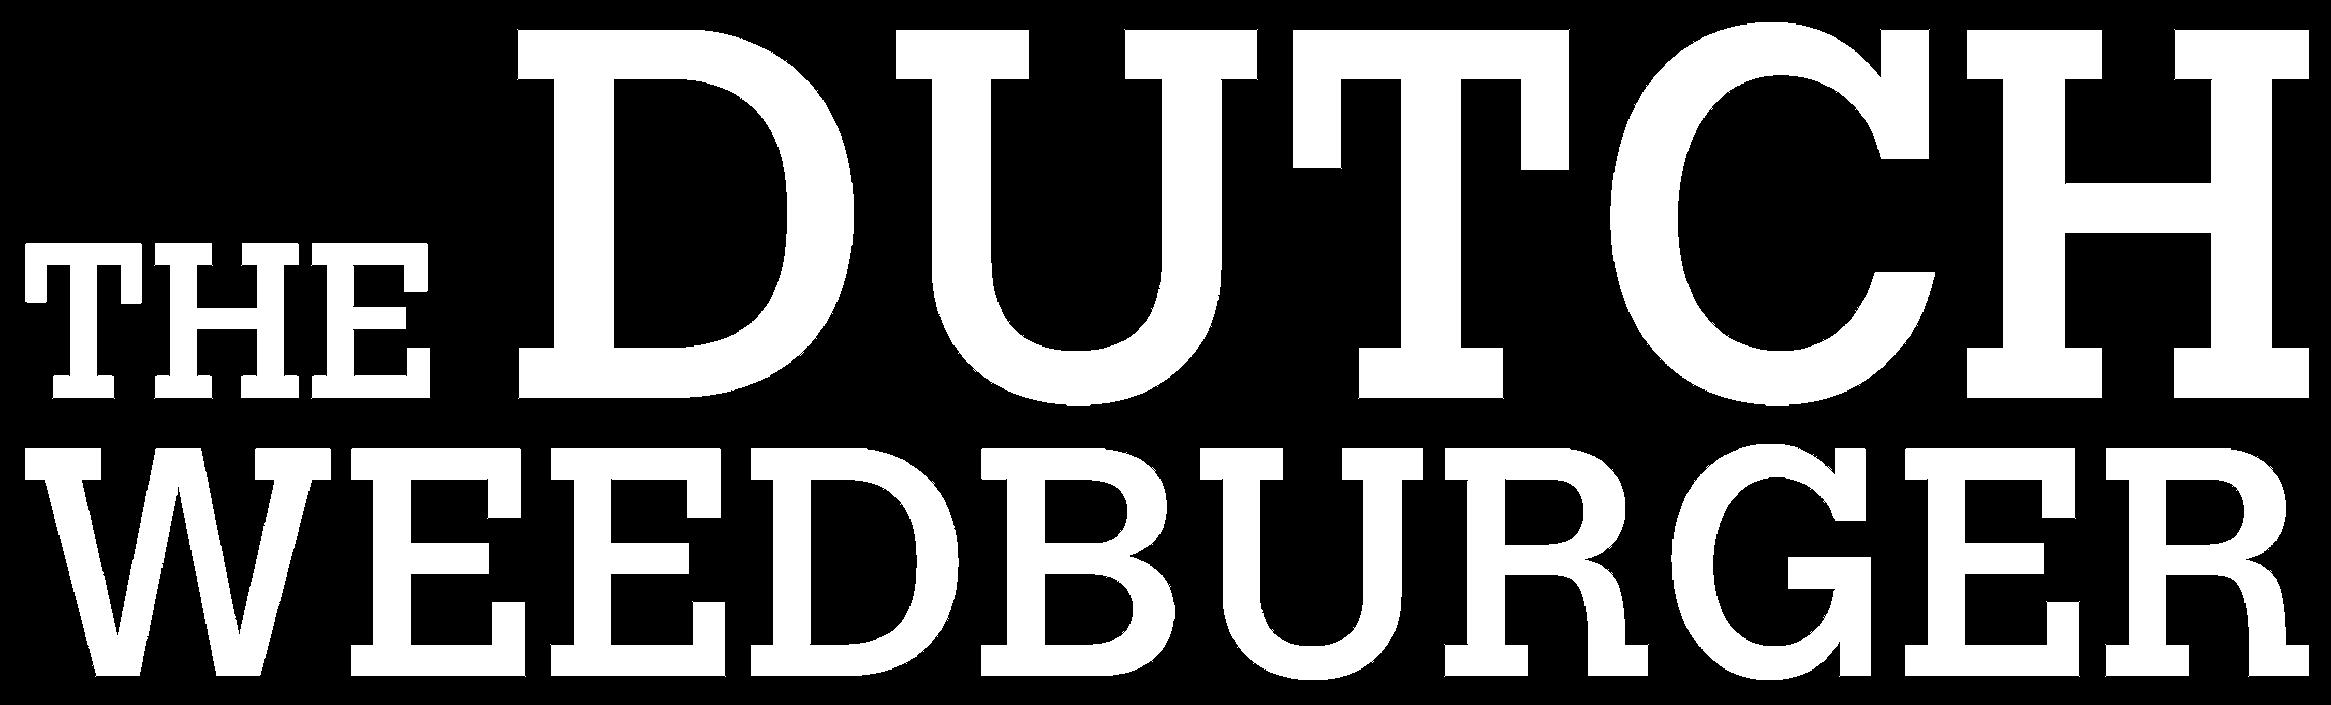 Wit-logo-dutch weed
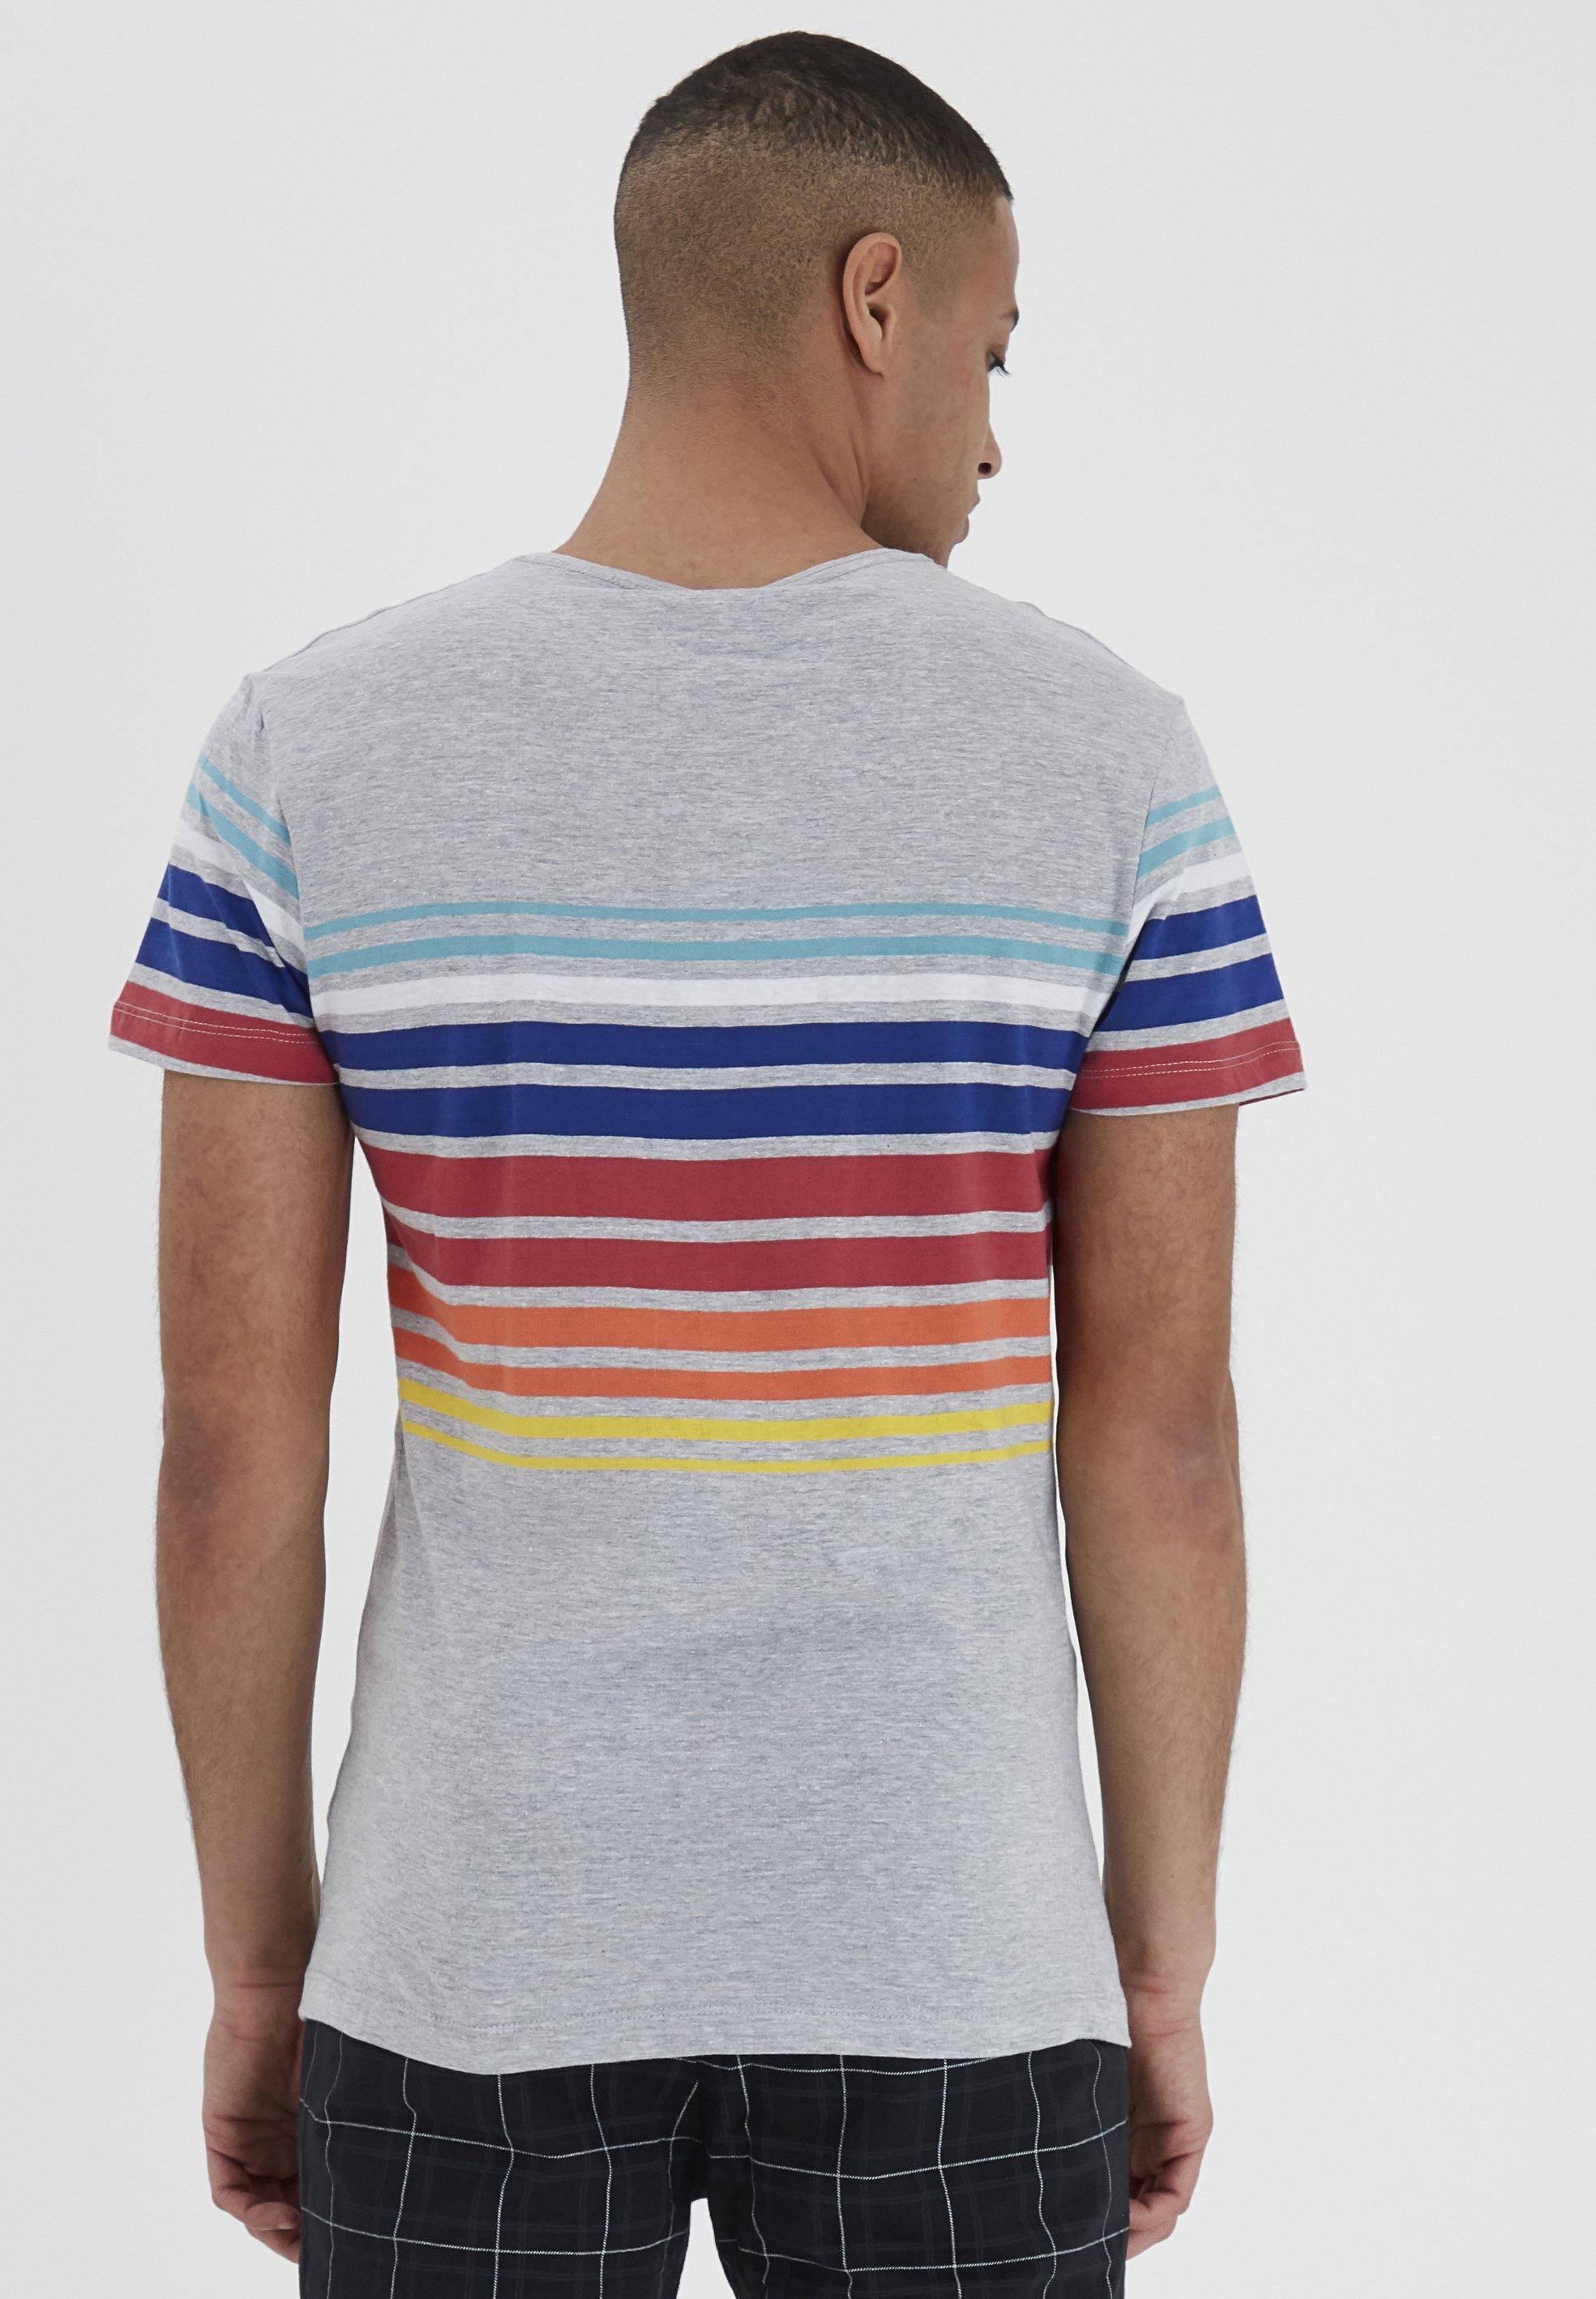 Blend Print T-shirt - stone mix 8EbpB
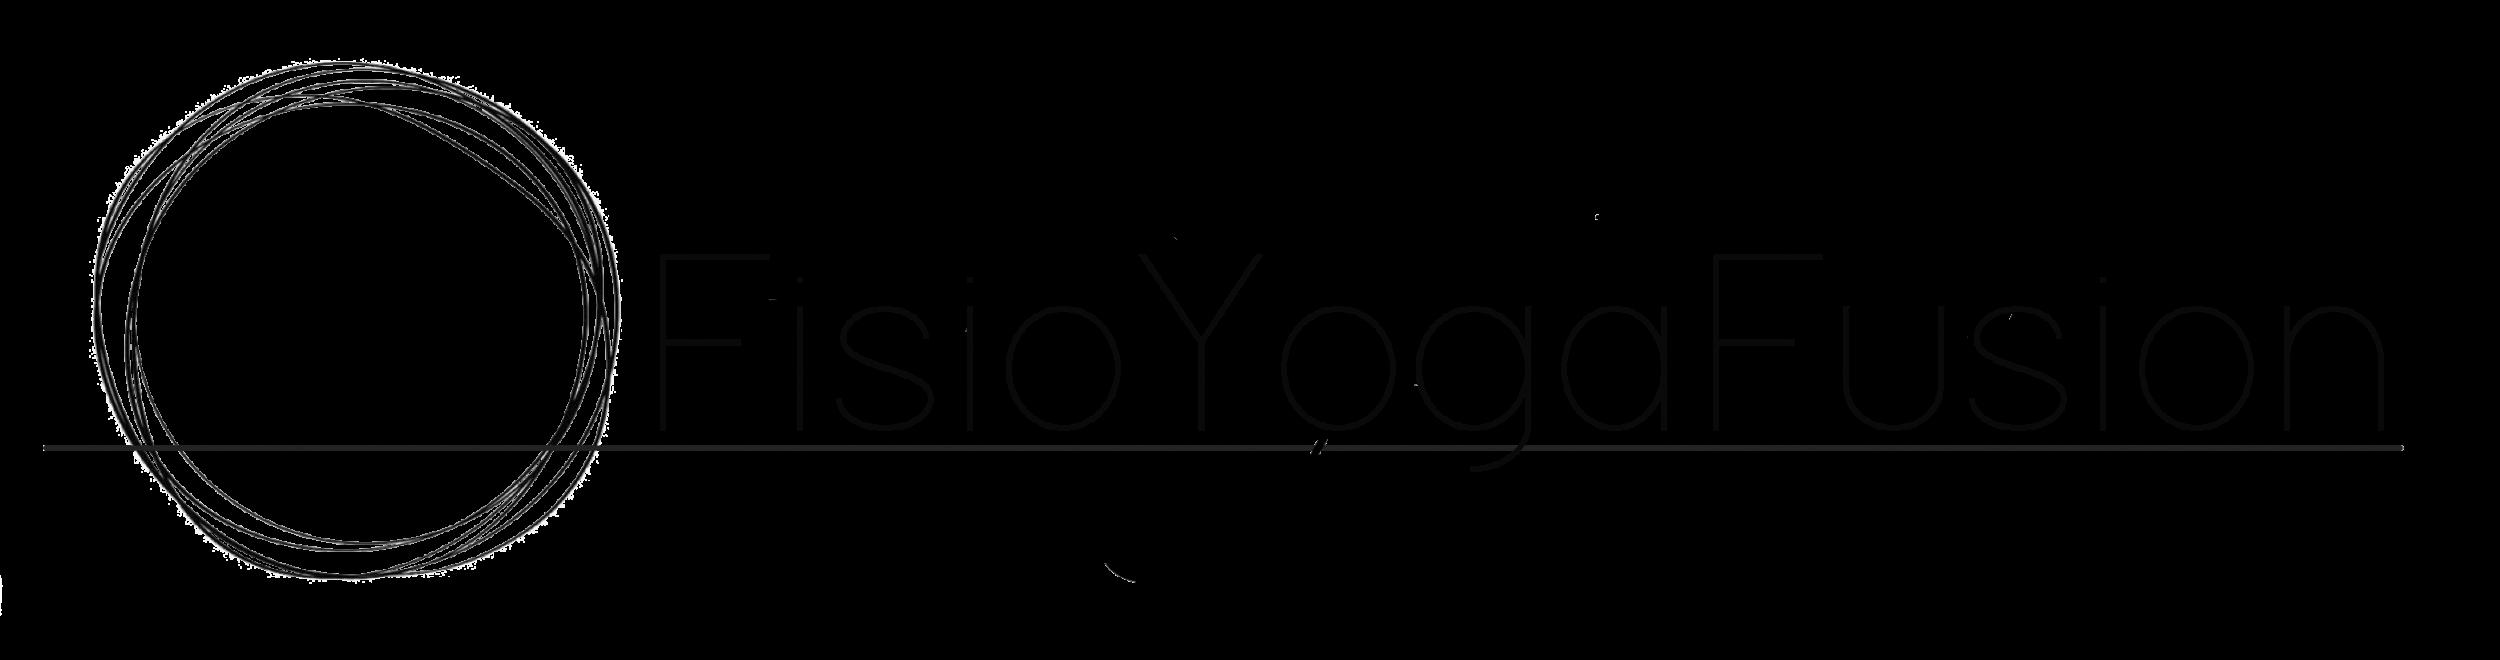 FisioYogaFusion

○ ○ ○

## [Work task]
Reproduce the lines above exactly, please, but not the pictures in them.

## [Worked solution]
 Wit-logo-dutch weed
 Blend Print T-shirt - stone mix 8EbpB
 FisioYogaFusion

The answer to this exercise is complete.